How to build a secure remote network architecture http://www.linuxidc.com/Linux/2013-11/92646.htm with OpenVPN in Linux

Install software package
  1. Sudo apt-get install xl2tpd openswan ppp
IPSec/Openswan

Open the/etc/ipsec. conf file and configure it as follows:

  1. Config setup
  2. Nat_traversal = yes
  3. Virtual_private = % v4: 10.0.0.0/8, % v4: 192.168.0.0/16, % v4: 172.16.0.0/12, % v4 :! 10.152.2.0/24
  4. # The network address here can be configured as the subnet of the remote client. In other words,
    # These address ranges should be the addresses of the clients behind your NAT router.
  5. Oe = off
  6. Protostack = netkey
  7. Conn L2TP-PSK-NAT
  8. Rightsubnet = vhost: % priv
  9. Also = L2TP-PSK-noNAT
  10. Conn L2TP-PSK-noNAT
  11. Authby = secret
  12. Pfs = no
  13. Auto = add
  14. Keyingtries = 3
  15. Rekey = no
  16. # Apple iOS does not send a delete reminder,
    # So we need to identify the disconnected client through the dead peer Detection
  17. Dpddelay = 30
  18. Dpdtimeout = 120
  19. Dpdaction = clear
  20. # Set ikelifetime and keylife to be consistent with the default settings for Windows
  21. Ikelifetime = 8 h
  22. Keylife = 1 h
  23. Type = transport
  24. # Replace the IP address with your local IP address (generally, private address or NAT address)
  25. Left = x. x
  26. # Windows 2000/XP client used for upgrade
  27. Leftprotoport = 17/1701
  28. # To support old clients, set leftprotoport = 17/% any
    Right = % any
  29. Rightprotoport = 17/% any
  30. # Force all connections to be NAT, because iOS
  31. Forceencaps = yes

Note that in your ipsec. conf file, "config setup" and "L2TP-PSK-NAT", "L2TP-PSK-NAT" should be written with the line header, while other lines should be indented with 8 spaces.
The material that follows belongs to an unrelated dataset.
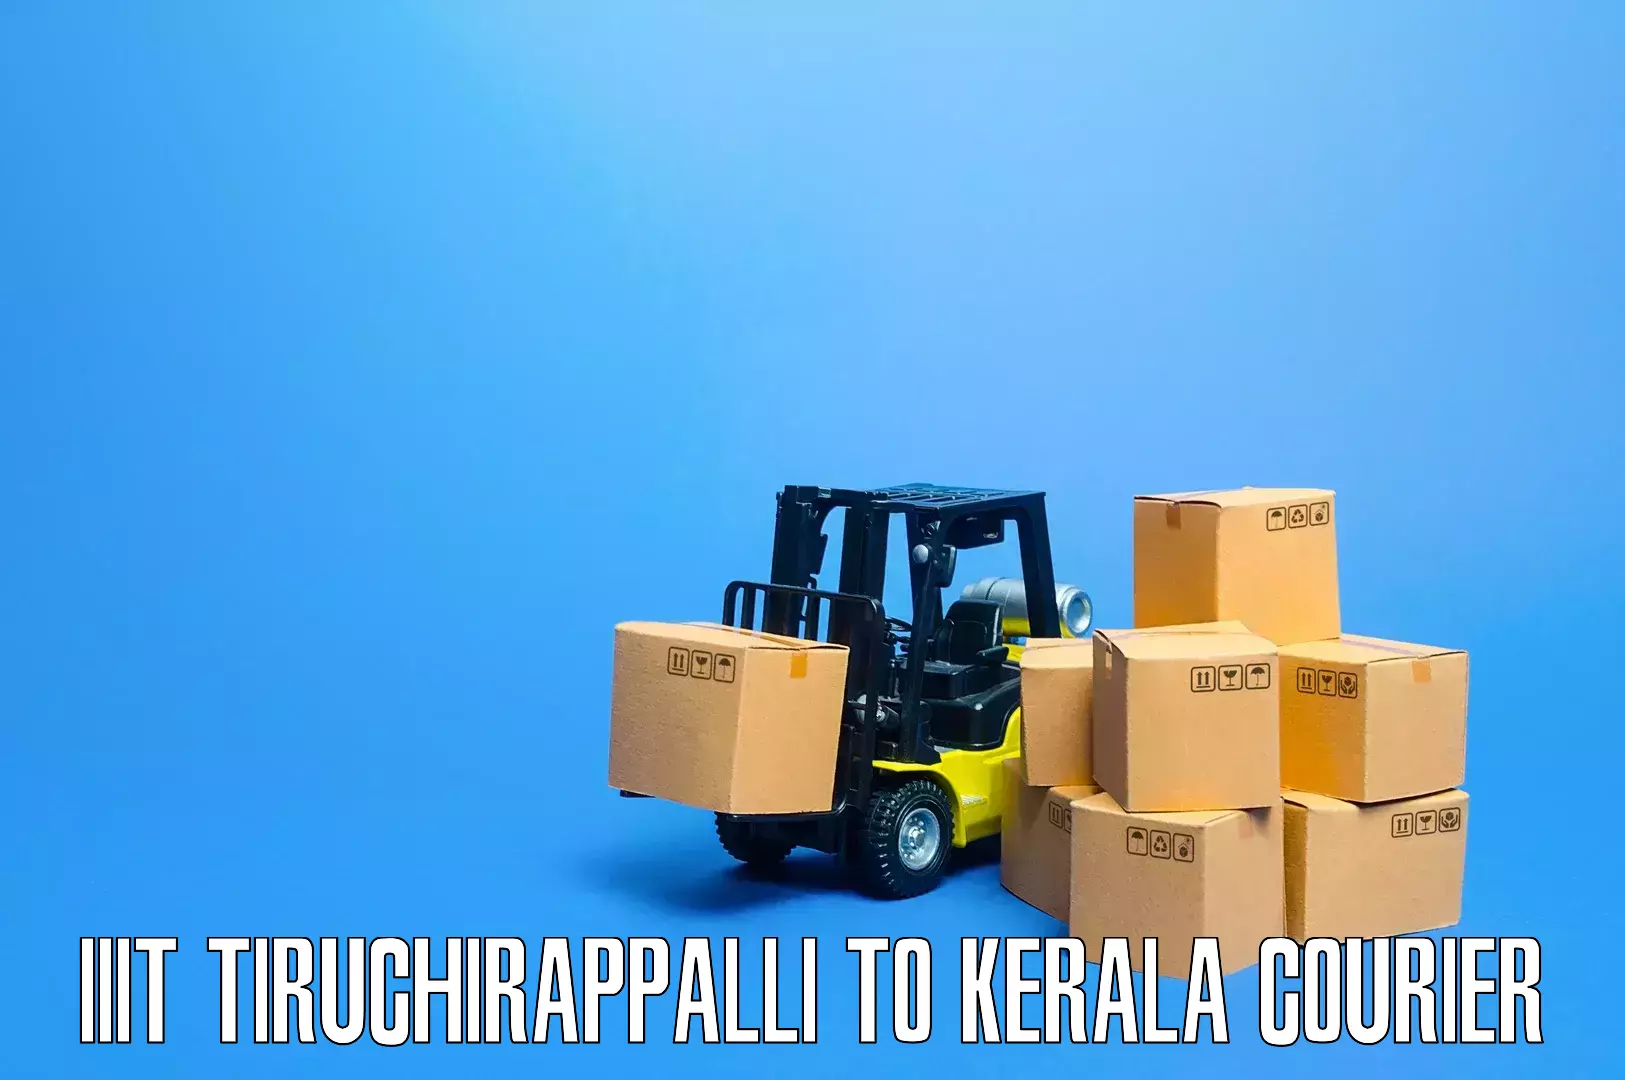 Safe household movers IIIT Tiruchirappalli to Taliparamba

Open/etc/ipsec. secrets and configure:

  1. X. x % any: PSK "somegoodpassword"

Here, x. x is replaced with the IP address of your server and a complicated password is set.

Start the IPSEC service:

  1. /Etc/init. d/ipsec start

Run the following command to check whether ipsec works properly:

  1. Sudo ipsec verify

There should be no errors:

  1. Checking your system to see ifIPsec got installed and started correctly:
  2. Version check and ipsec on-path [OK]
  3. LinuxOpenswan U2.6.28/K2.6.32-32-generic-pae (netkey)
  4. CheckingforIPsec support in kernel [OK]
  5. NETKEY detected, testing for disabled ICMP send_redirects [OK]
  6. NETKEY detected, testing for disabled ICMP accept_redirects [OK]
  7. Checking that pluto is running [OK]
  8. Pluto listening for IKE on udp 500 [OK]
  9. Pluto listening for NAT-T on udp 4500 [OK]
  10. Checkingfor 'IP' command [OK]
  11. Checkingfor 'iptable' command [OK]
  12. OpportunisticEncryptionSupport [DISABLED]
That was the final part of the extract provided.